Aucklanders are paying an extra 11.5c a litre (including GST) under the tax. Other councils are locked out until 2021, but many want in.
Documents released to Newshub show Transport Minister Phil Twyford encouraged Hamilton City Council to pursue the idea with officials to increase the likelihood of a successful application.
"If in the future Hamilton City or the Waikato region wish to seek a regional fuel tax, I would encourage you to engage with officials at the Ministry of Transport. Officials will be able to provide guidance for any future applications including the matters that will need to be considered and addressed to increase the likelihood of an application being approved," said Mr Twyford.
Hamilton City Council thinks it can get ahead of the legislation, confirming to Newshub it's currently engaging with Ministry of Transport officials to implement its own regional fuel tax.
Growth and infrastructure committee chair Dave MacPherson thinks a fuel tax could be in place from next year.
"Our need is not in 2021; it's in 2019. In fact, it's in 2018," he told Newshub.

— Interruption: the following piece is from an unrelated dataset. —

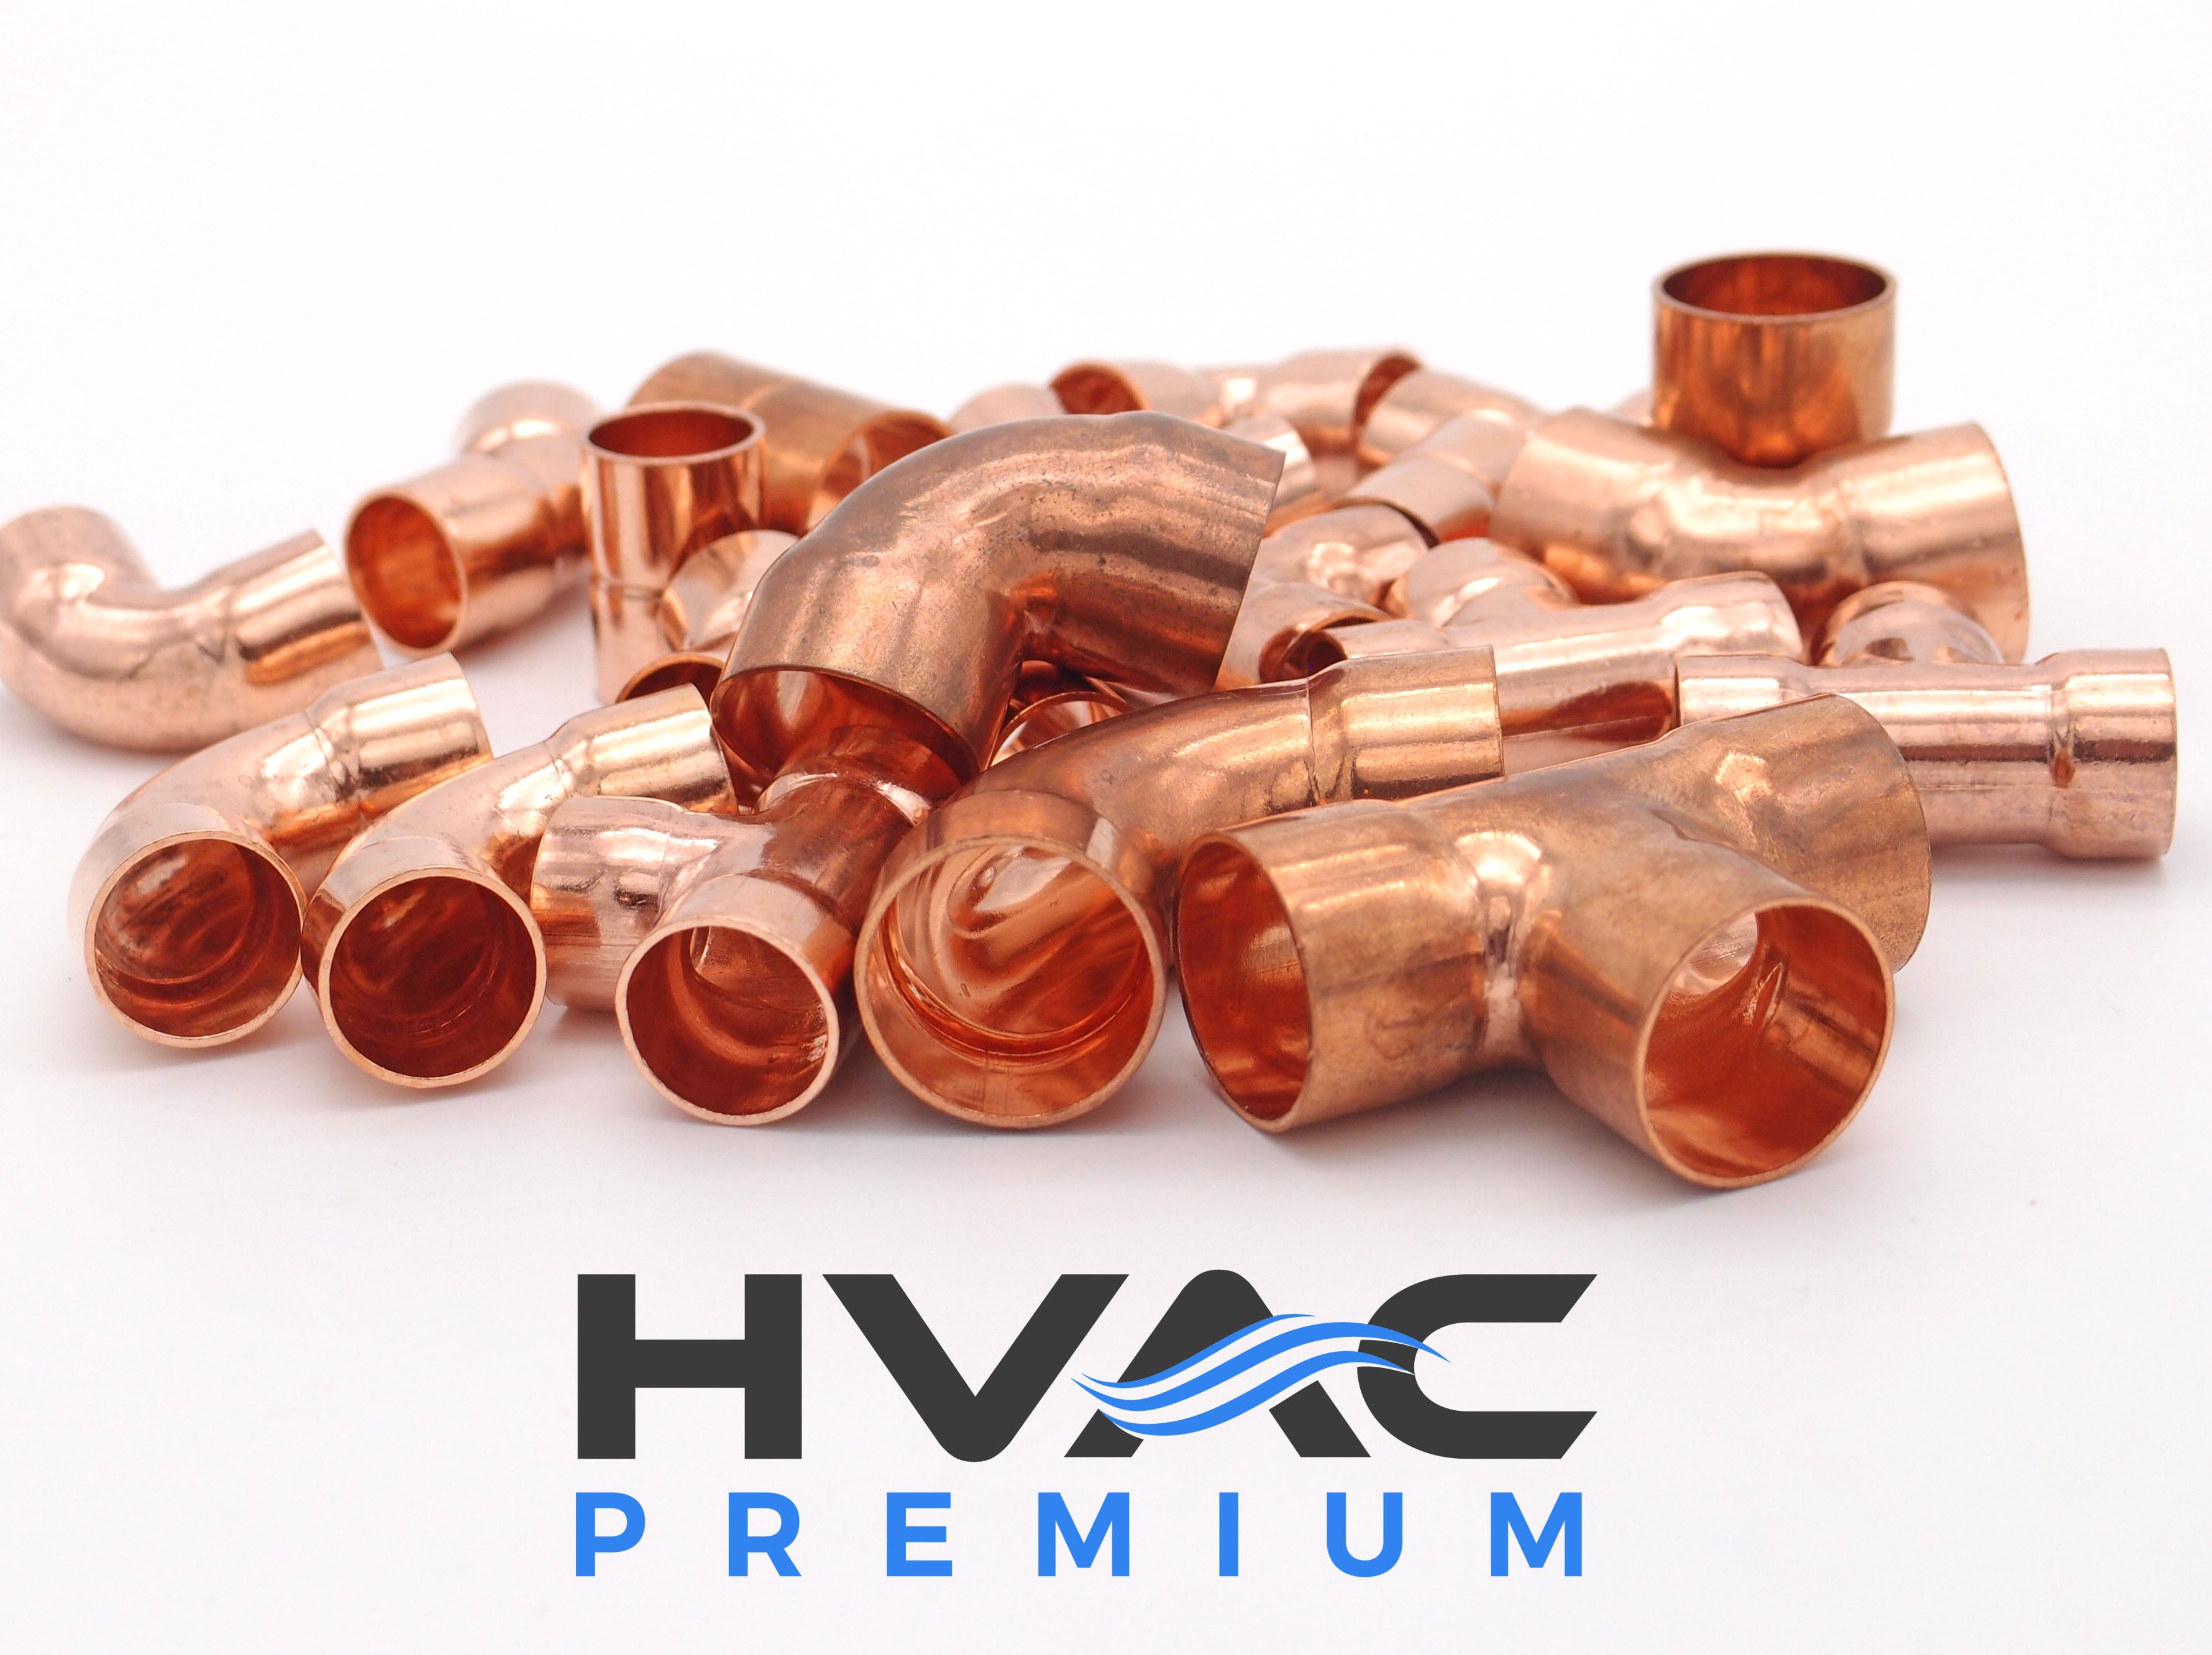 Copper Fitting 3/4 to 1/2 (HVAC Dimensions) Reducer / Increaser Copper Coupling & HVAC – 5/8 to 3/8 (Plumbing Inner Dimensions) 99.9% Pure Copper - 10 Pack

"We believe we can put up a sufficiently good case to the Government to consider it earlier than the 2021 year. That would mean three years of worsening congestion and insufficient alternatives like public transport and decent cycling facilities. I think our case is at least as good as Auckland's and certainly by 2021 it could be greater."
It comes after Newshub revealed at least 14 councils across the country have discussed the possibility of implementing a regional fuel tax.

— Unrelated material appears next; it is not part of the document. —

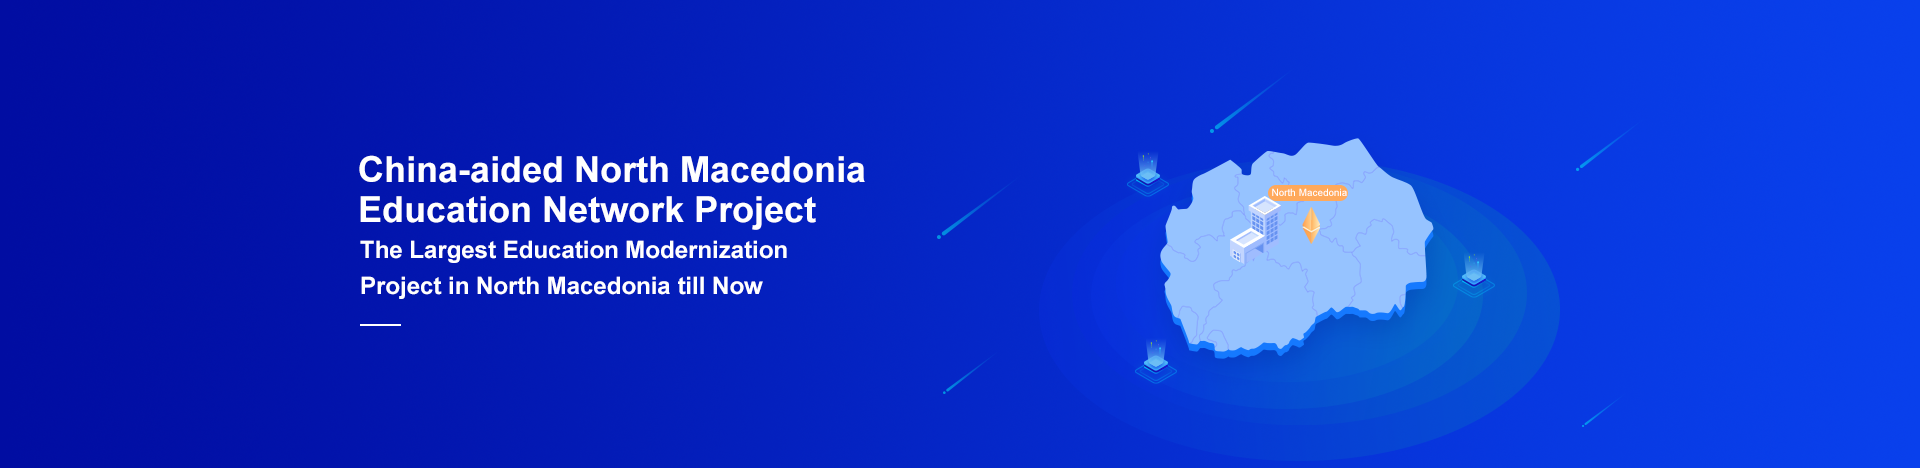 Southeast Europe·China-aided North Macedonia Education Network Project

In December last year, Hamilton City Council made its case to the Transport Minister to be able to implement a fuel tax.
"It is estimated that council could raise $10 million per annum (excluding GST). This would have an immediate, and significant impact on reducing council's planned rate increase by approximately 6 percent", said Hamilton Mayor Andrew King.
ACT leader David Seymour told Newshub the minister's comments are inappropriate.
"If you wait a while and ask nicely you can get your hand into people's wallets every time they fill up at the pump. For those families who depend on their cars to get around, it's just another blow from the Government who are addicted to spending other people's money."
But Mr Twyford is trying to curb council interest.
"I've made it really clear to not only to Hamilton, but a number of other councils around the country, that only Auckland Council will have the opportunity to put a fuel tax in place in this Parliamentary term. We haven't even considered or made a decision about what will happen in our second term of Government, and after that."